- Church: Roman Catholic
- Diocese: Diocese of Lugano
- Appointed: 4 November 2013
- Installed: 7 December 2013
- Term ended: 10 October 2022
- Predecessor: Pier Giacomo Grampa

Orders
- Ordination: 2 September 1989
- Consecration: 7 December 2013 by Diego Causero

Personal details
- Born: 22 July 1963 (age 62) Dongio
- Motto: Non impedias musicam (latin)
- Coat of arms: Valerio Lazzeri's coat of arms

= Valerio Lazzeri =

Swiss Roman Catholic bishop

Valerio Lazzeri (born 22 July 1963) is a Swiss prelate of the Catholic Church who was bishop of Lugano from 2013 to 2022.

==Biography==
Valerio Lazzeri was born in Dongio on 22 July 1963. He carried out his studies from 1982 to 1987 at the San Carlo diocesan seminary, which was then based in the Salesianum boarding school in Friborg, and at the University of Fribourg, where he obtained a licentiate in theology in 1987. He continued his studies at the Pontifical Lombard Seminary in Rome (1987-1989) and at the Pontifical Gregorian University (1987-1988).
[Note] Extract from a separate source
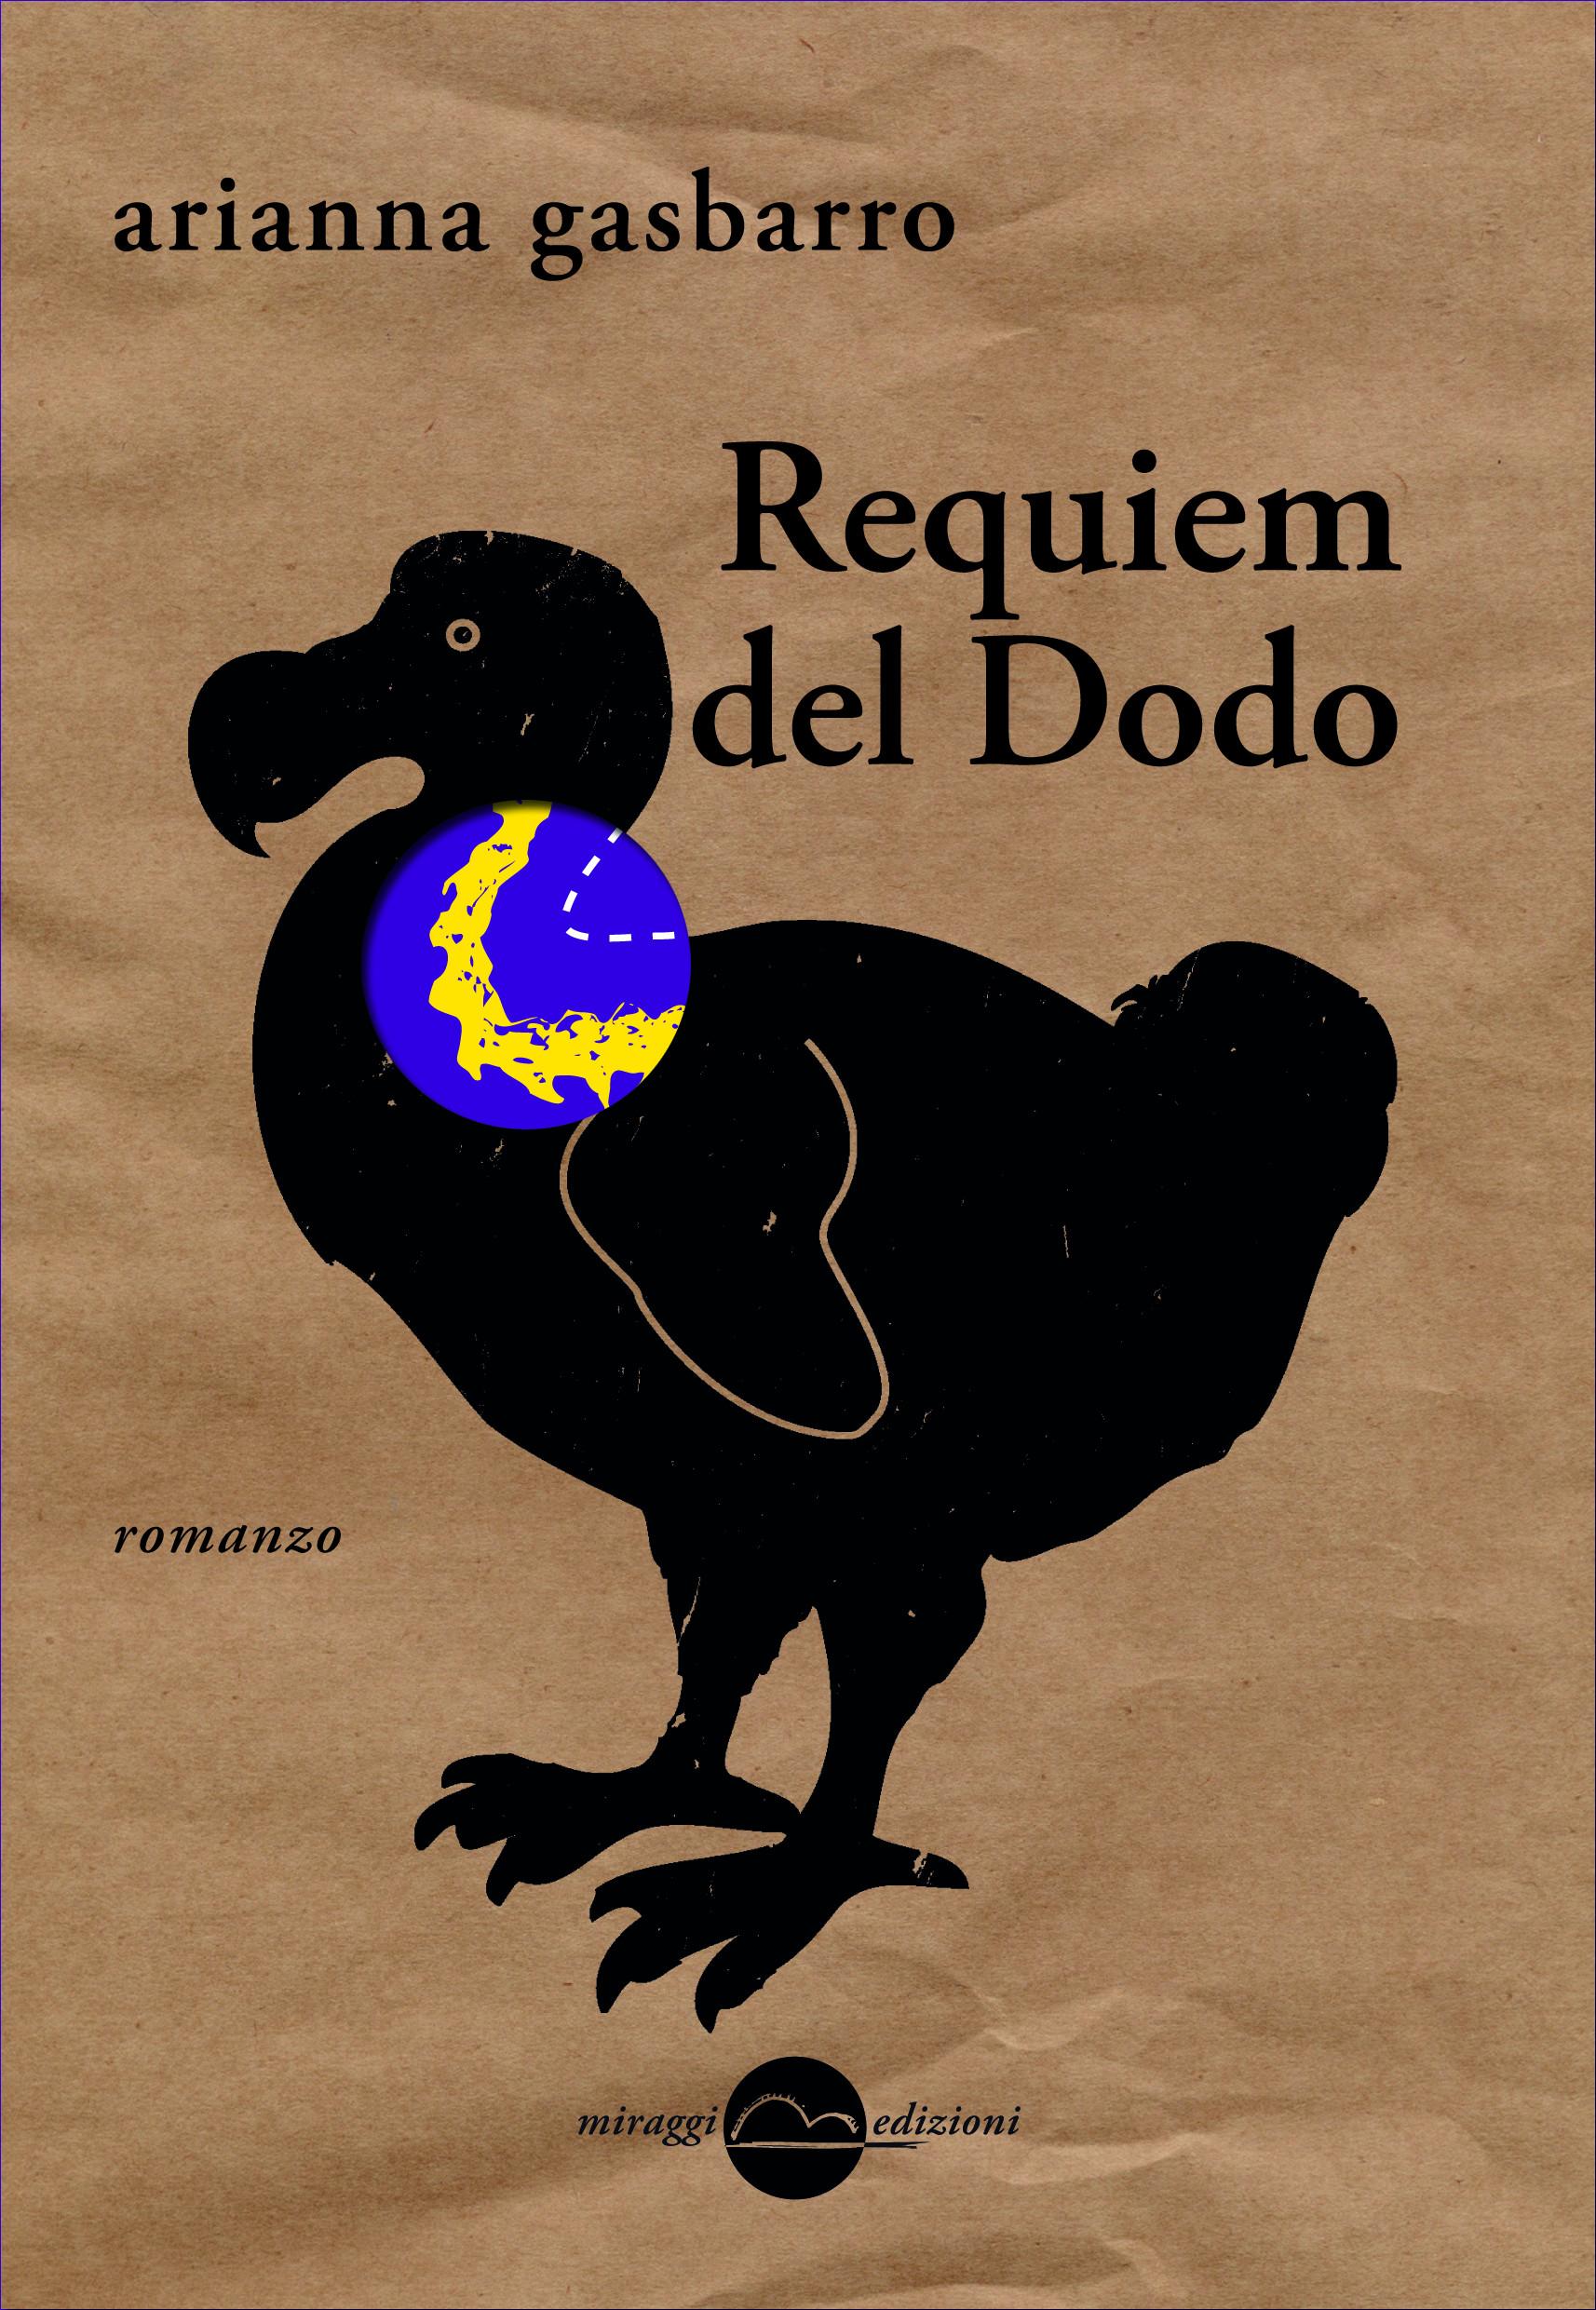 Requiem del dodo_flat

On 2 September 1989 he was ordained a priest by the bishop of Lugano Eugenio Corecco in the Lugano Cathedral. In 1991 he obtained his doctorate in theology at the Pontifical theological faculty Teresianum in Rome. From 1991 to 1993 he was vice-rector and teacher in the Collegio Papio in Ascona.

From 1993 to 1999 he worked for the Congregation for Catholic Education in Rome. In 1999 he became a professor of spiritual theology at the Faculty of Theology of Lugano and episcopal vicar of the diocese of Lugano for women religious. From 1999 to 2009 he was a parish collaborator in Locarno, where he dealt in particular with preaching, catechesis and Lectio divina. In 2009 he moved to Bose, Poland, for a year, dedicating himself to study and research, and making a journey of spiritual deepening. Returning to Lugano, he resumed the duties of episcopal vicar and teacher at the Faculty of Theology. In 2010 he became canon of the chapter of the Cathedral of San Lorenzo. He was also appointed spiritual director at the diocesan seminary and assistant to the Ordo Virginum.

Pope Francis named Lazzeri bishop of Lugano in Switzerland on 4 November 2013. He received his episcopal consecration on 7 December from Archbishop Diego Causero, apostolic nuncio to Switzerland.

Pope Francis accepted his resignation on 11 October 2022 without explanation. At a press conference the same day Lazzeri said: "Sincerity and complete transparency compel me to tell you that, especially in the last two years, an inner fatigue has grown in me that has gradually deprived me of the momentum and serenity."